HCI Group, Inc., the insurance holding company, has completed its catastrophe reinsurance programs for the 2026-2027 treaty year, securing a meaningful $4.06 billion in aggregate excess of loss (XoL) limit for the period, marking a 16% increase from the prior treaty year.
A year ago, HCI renewed its catastrophe reinsurance programs for the 2025-2026 treaty year with total aggregate limit of $3.5 billion.
Now, for the 2026-2027 treaty year running from June 1, 2026 through May 31, 2027, HCI’s catastrophe reinsurance programs now comprise total aggregate limit of more than $4.06 billion, which represents an increase of 16%.
HCI Group confirmed that three reinsurance towers have been renewed this year.
As per HCI, Tower 1 provides dedicated coverage for Homeowners Choice Property & Casualty Insurance Company, Inc. for policies issued throughout the company’s primary Florida operating footprint, largely concentrated across the central and southern regions of the state.
Reinsurance Tower 2 is shared between Homeowners Choice and TypTap Insurance Company, and covers all TypTap policies nationwide alongside Homeowners Choice policies outside Florida, HCI further explained.
And lastly, Tower 3 is shared between Homeowners Choice and two HCI-sponsored reciprocal insurance companies: Tailrow Insurance Exchange and Condo Owners Reciprocal Exchange (known as CORE). However it’s important to note that this tower covers Homeowners Choice policies issued throughout the remaining northern Florida region not included within Tower 1, as well as all Tailrow and CORE policies.
Across the three reinsurance towers, HCI confirmed that it secured $4.06 billion in aggregate XoL limit for the 2026-2027 treaty year, a 16% increase over the previous year, including the full reinstatement premium protection.
HCI’s reinsurance subsidiaries, Claddaugh Casualty Insurance Company Ltd, located in Bermuda, and the newly established Fortex Reinsurance SPC, Ltd., situated in the Cayman Islands, selectively participate in Reinsurance Towers 1 and 3.
For the three reinsurance towers, HCI anticipates incurring around $381.2 million in net consolidated reinsurance premiums ceded to third parties, excluding Claddaugh and Fortex Re, for the timeframe spanning from June 1, 2026, to May 31, 2027.
All of which represents a 10% decrease in premium expenses compared to the previous 12-month period. As stated by HCI, these premiums are currently approximations based on exposure forecasts and will undergo a final adjustment on September 20, 2026.
Regarding risk retention, HCI’s maximum first-event consolidated retention is set at $162.6 million, representing a 4% increase from the prior year. At the same time, the consolidated retention below the Florida Hurricane Catastrophe Fund layers remains unchanged year over year at $155.0 million.

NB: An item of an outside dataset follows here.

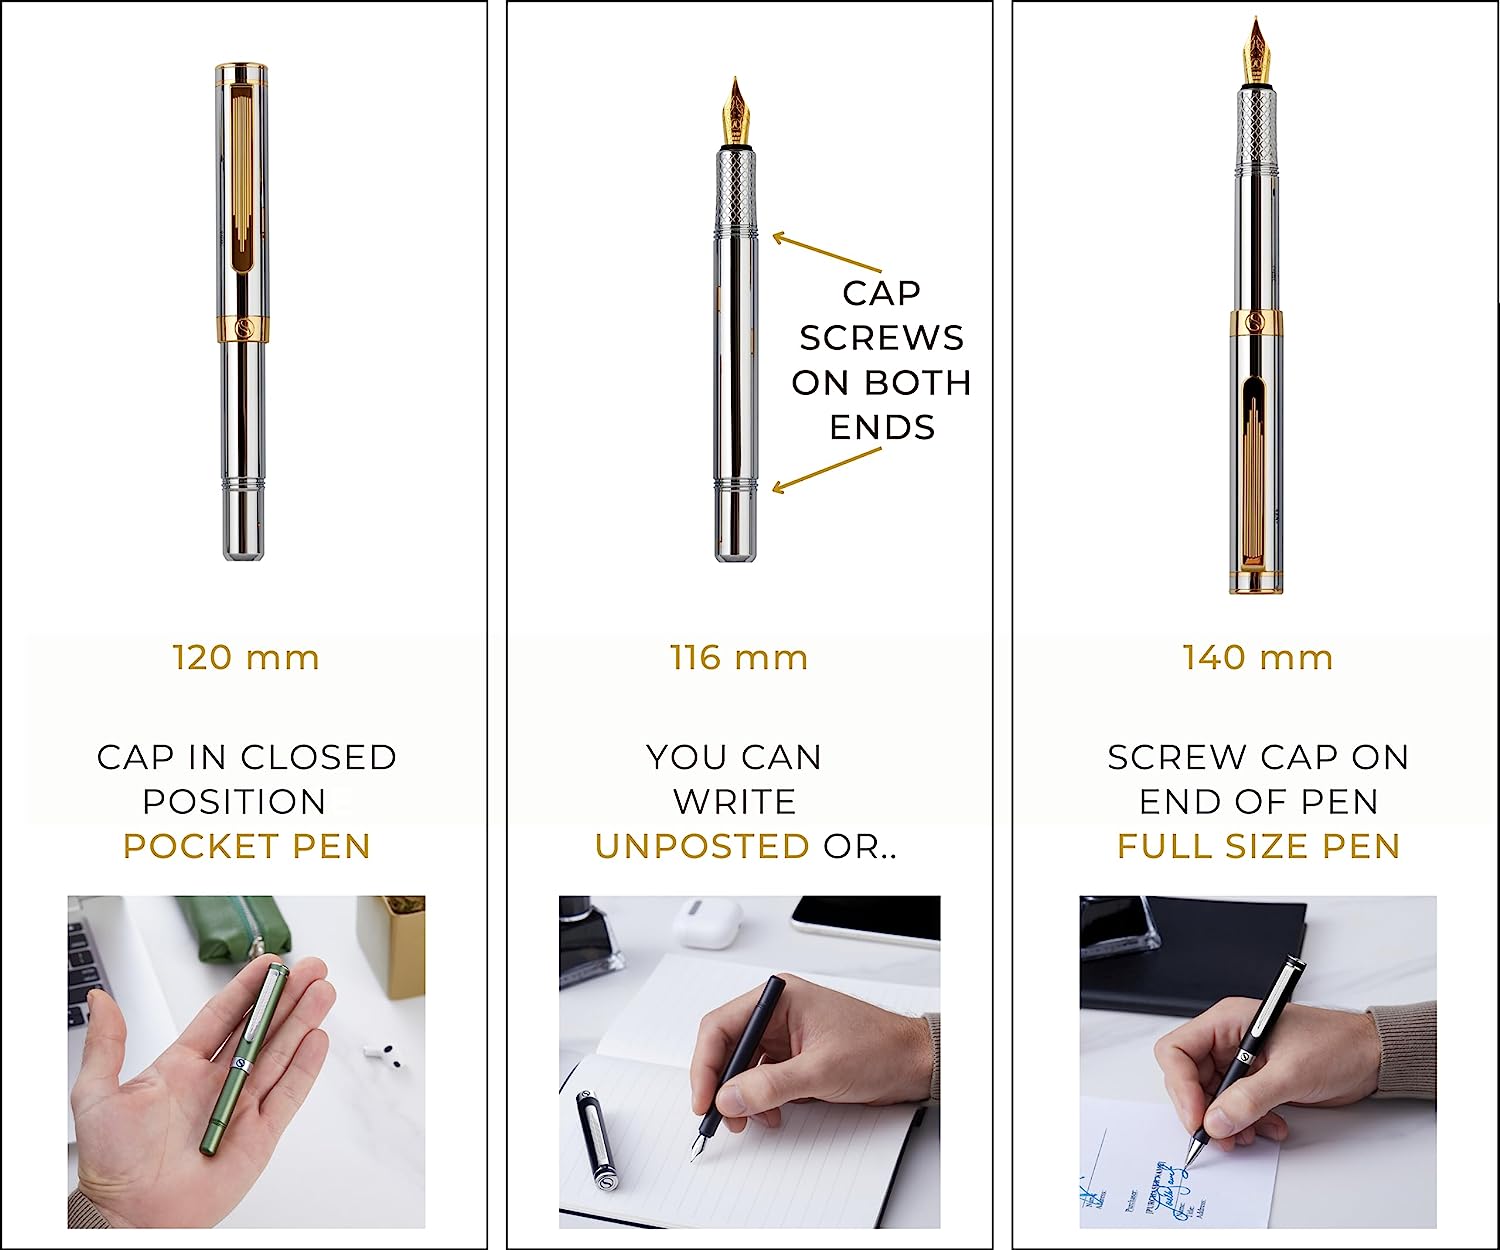 Scriveiner Silver Chrome Fountain Pen (Medium), Award Winning Luxury Pen, Heavy Pocket Pen, Chrome Finish

HCI also confirmed that the combined statutory retentions for an initial occurrence total $22.8 million, along with a maximum combined retention of $139.8 million associated with Claddaugh and Fortex Re.
In the case of a subsequent event, the total statutory retentions continue to be $22.8 million, while the combined maximum retention for Claddaugh and Fortex Re adjusted to $52.3 million.
Paresh Patel, HCI’s Chairman and Chief Executive officer, commented: “We are delighted to have successfully completed our reinsurance programs for the 2026-2027 treaty year and appreciate the continued support from our global reinsurance partners throughout the process.
“This year’s placements include meaningful structural improvements achieved at a materially lower cost, further strengthening our overall risk transfer strategy.
“In addition, our Cayman Islands-based reinsurer, Fortex Re, is now participating across two of our three towers, marking an important step in expanding its role within our broader reinsurance strategy and an initiative we look forward to scaling further over time.”